Legislating the number of kids could instead create more problems, according to Lower Chamber Deputy Speaker, Dr. Ntawukuriryayo Jean Damascene. “The issue is supposing a person has more than two, what do you do with them because they have a family to look after?”    

Available estimates suggest that the country’s population is expanding at alarming levels indicating that at current fertility rates of about 6 children per couple, Rwanda's population of 10million could double by 2030.  

The situation is also compounded by poverty levels now at 52 percent of the population – with actually most of them living in rural areas.

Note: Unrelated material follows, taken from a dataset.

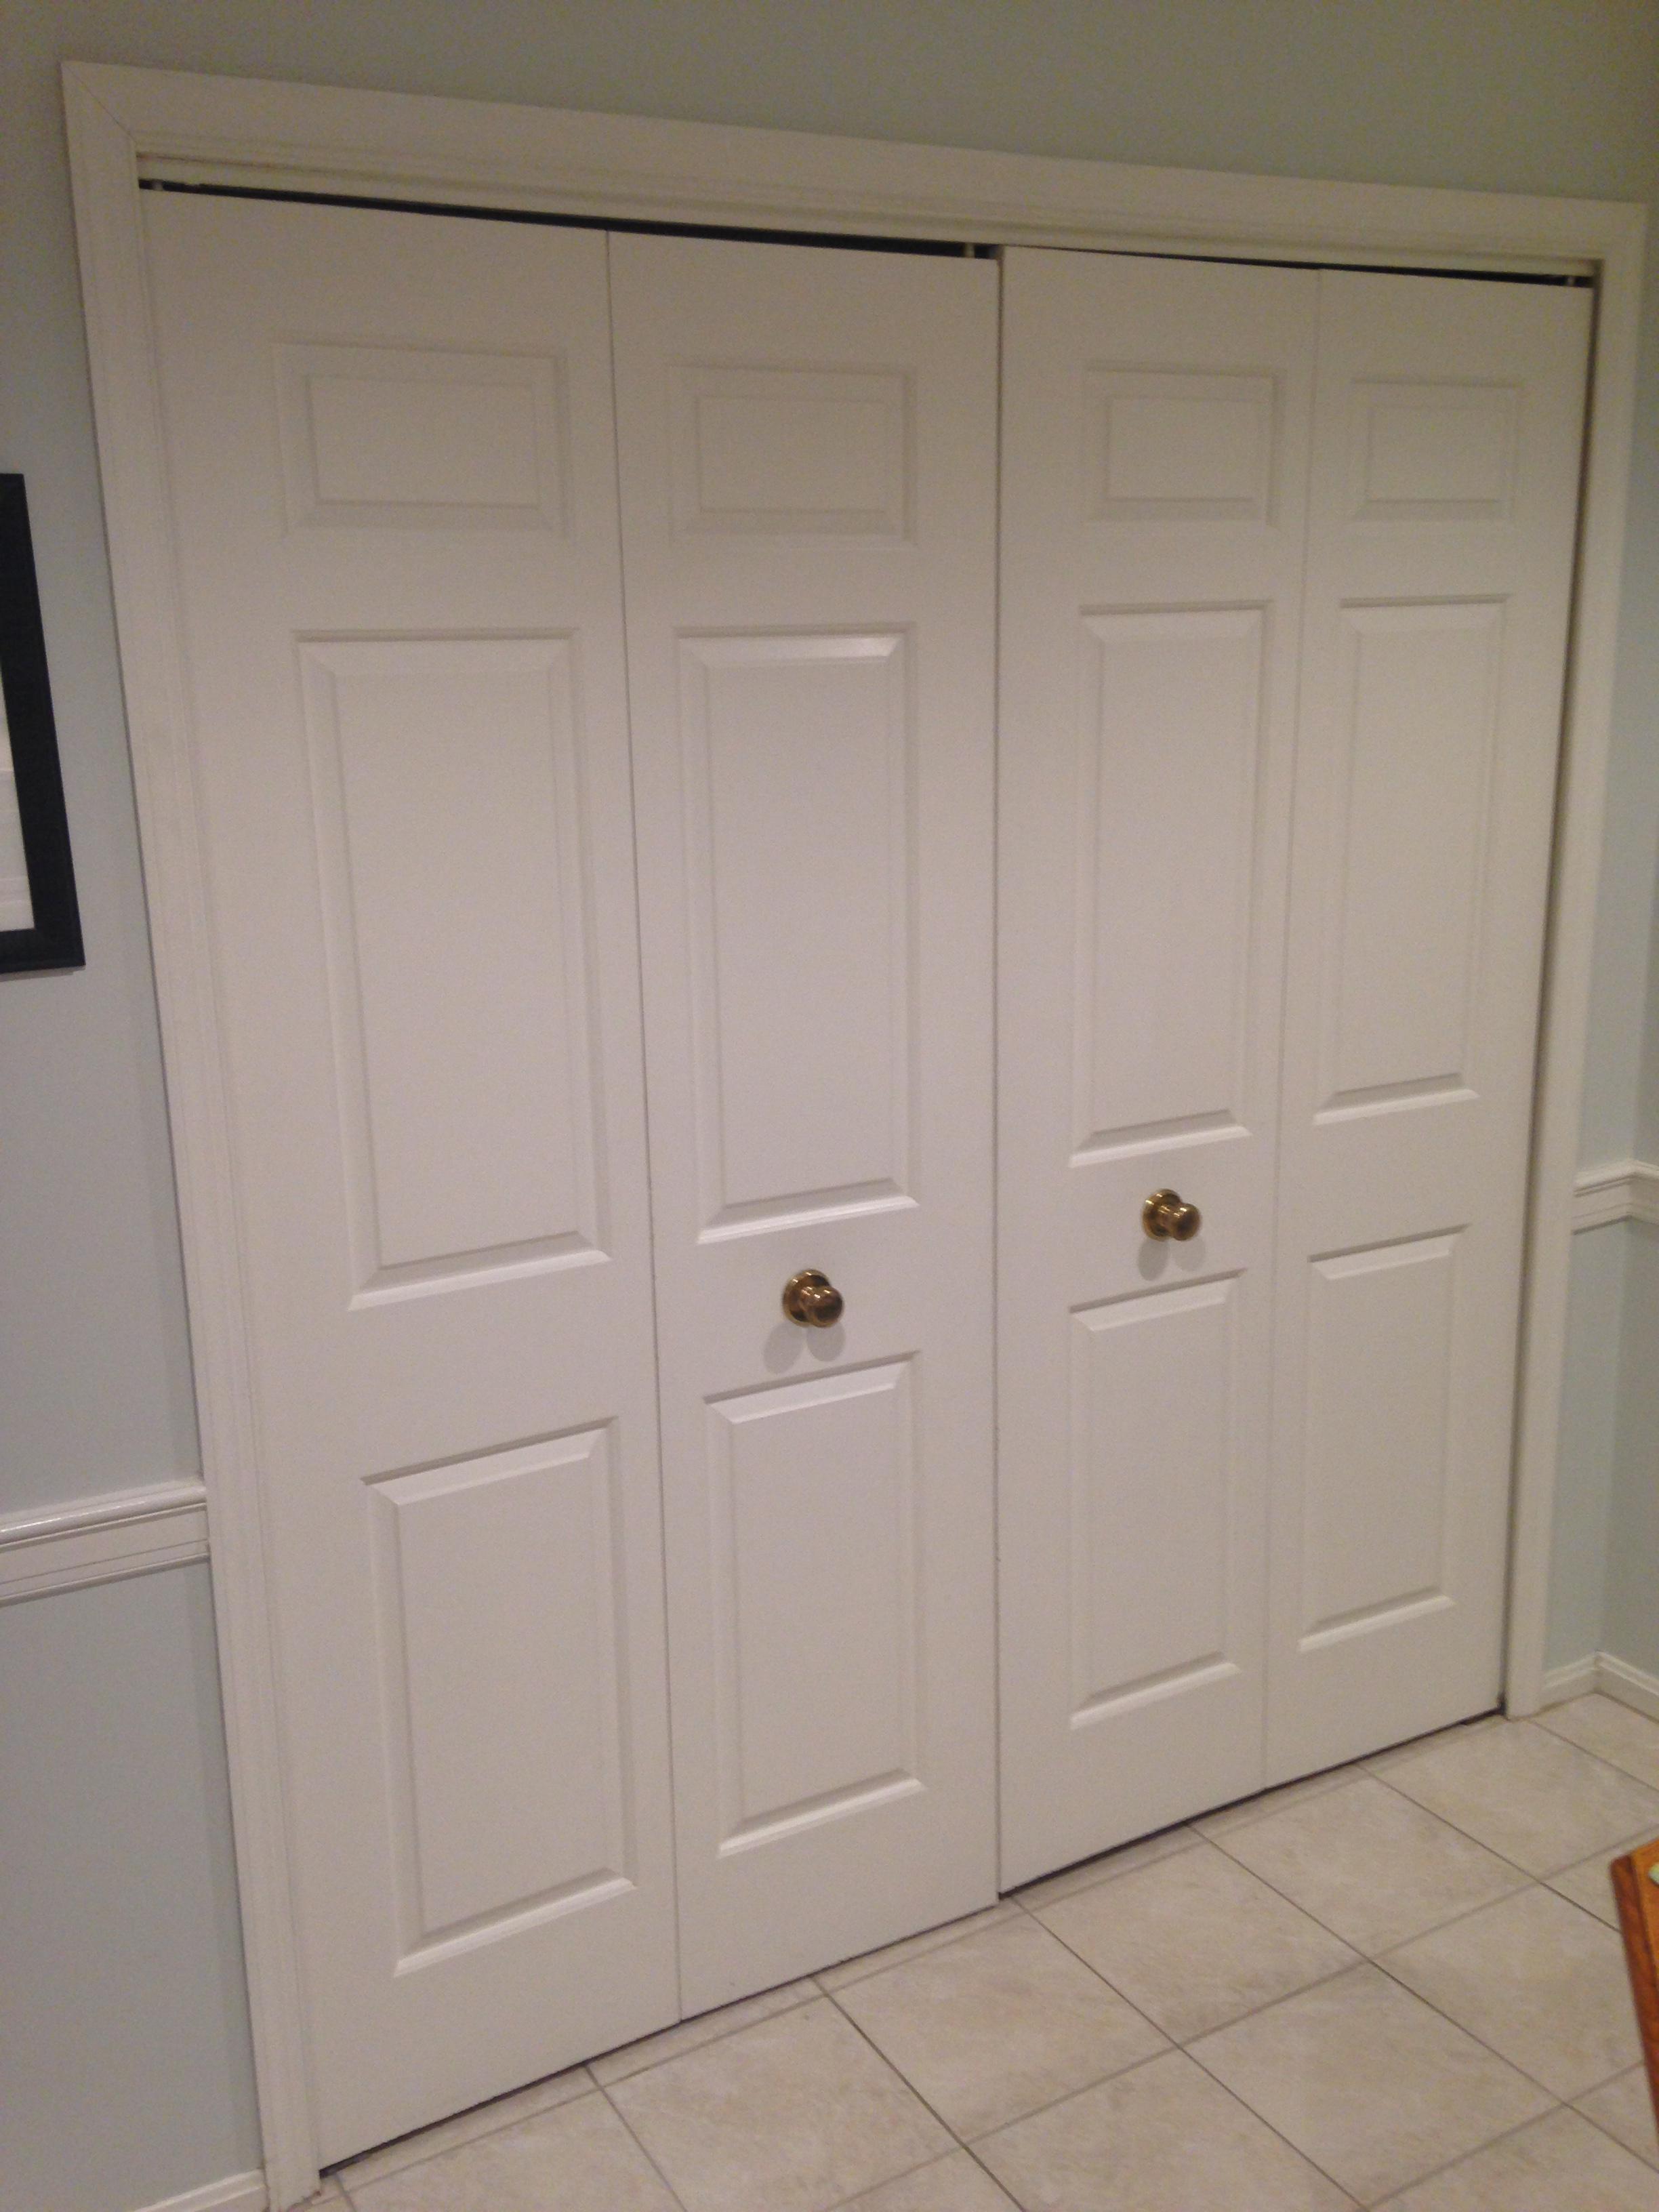 Mastering The Fine Art Of Adjusting Bifold Doors The Washington Post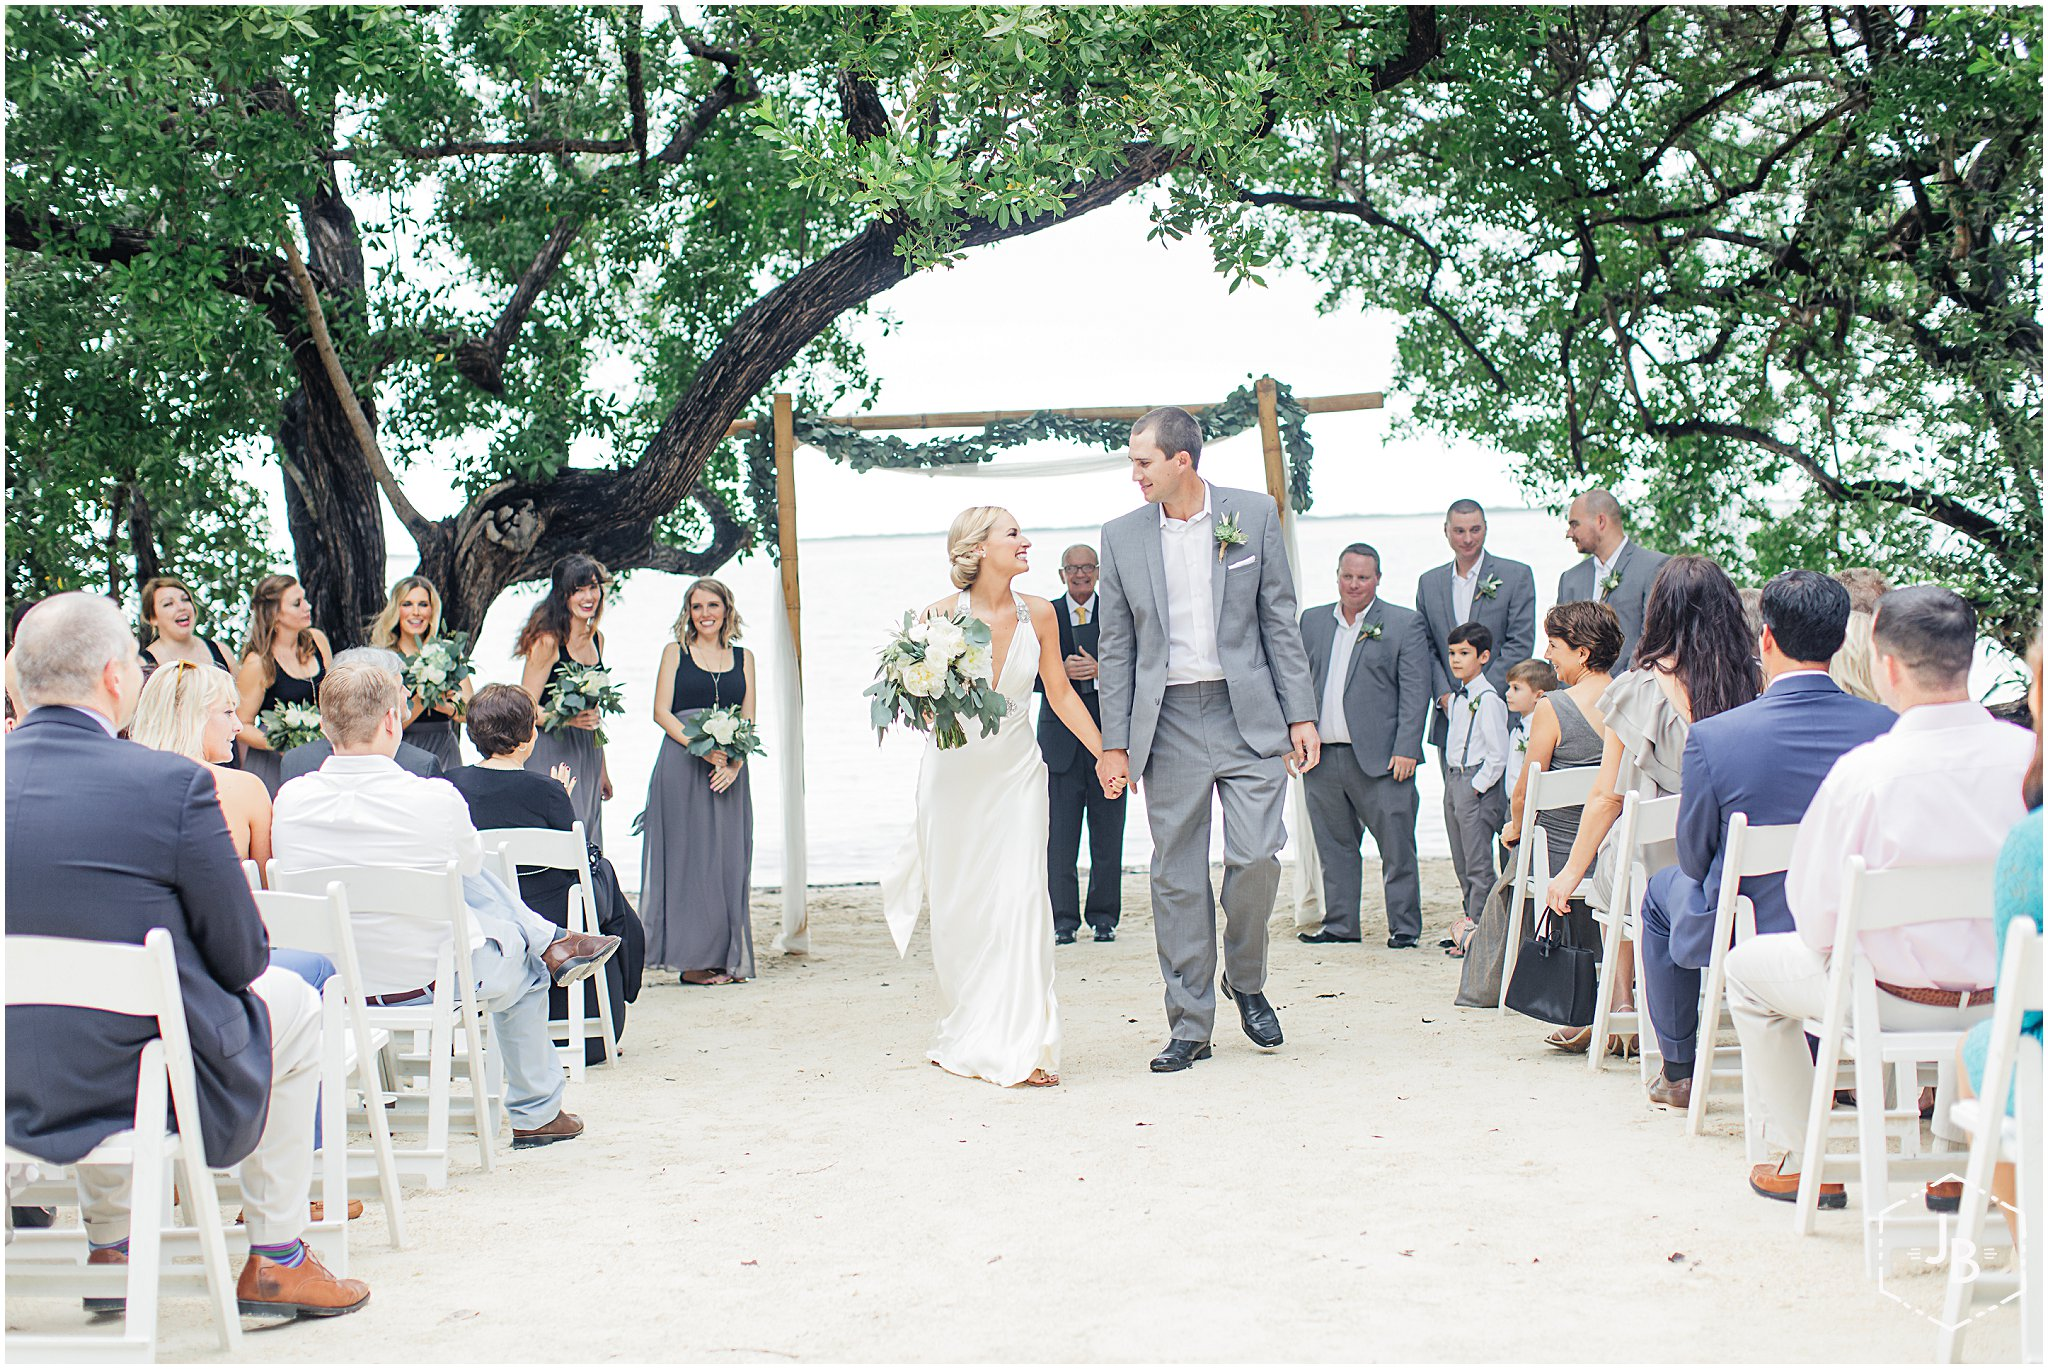 WeddingandEngagementFloridaPhotographer_1132.jpg

Government wants to reduce the birthrate by half, limiting families to three children, but controversy still remains as to how that can be done. A major campaign was launched last year to sensitise couples on family planning and several programmes including vasectomy have been introduced.  

But studies have showed that only about 27 percent are using the readily accessible birth control methods.

At some point information circulating was that the rural women were having children with the objective to fill up all the 12 spaces reserved for dependants in the previous national ID.

Members of the Rwandan Parliamentarians for the Population's Development (RPRPD) - a social welfare advocacy group of lawmakers say for the country to attain its ambitious development agenda, family numbers have to drop to at least two children.

Dr. Ntawukuriryayo – who chairs the group, told the two-day workshop that the starting pointing should be changing the population’s perceptions other than legislation.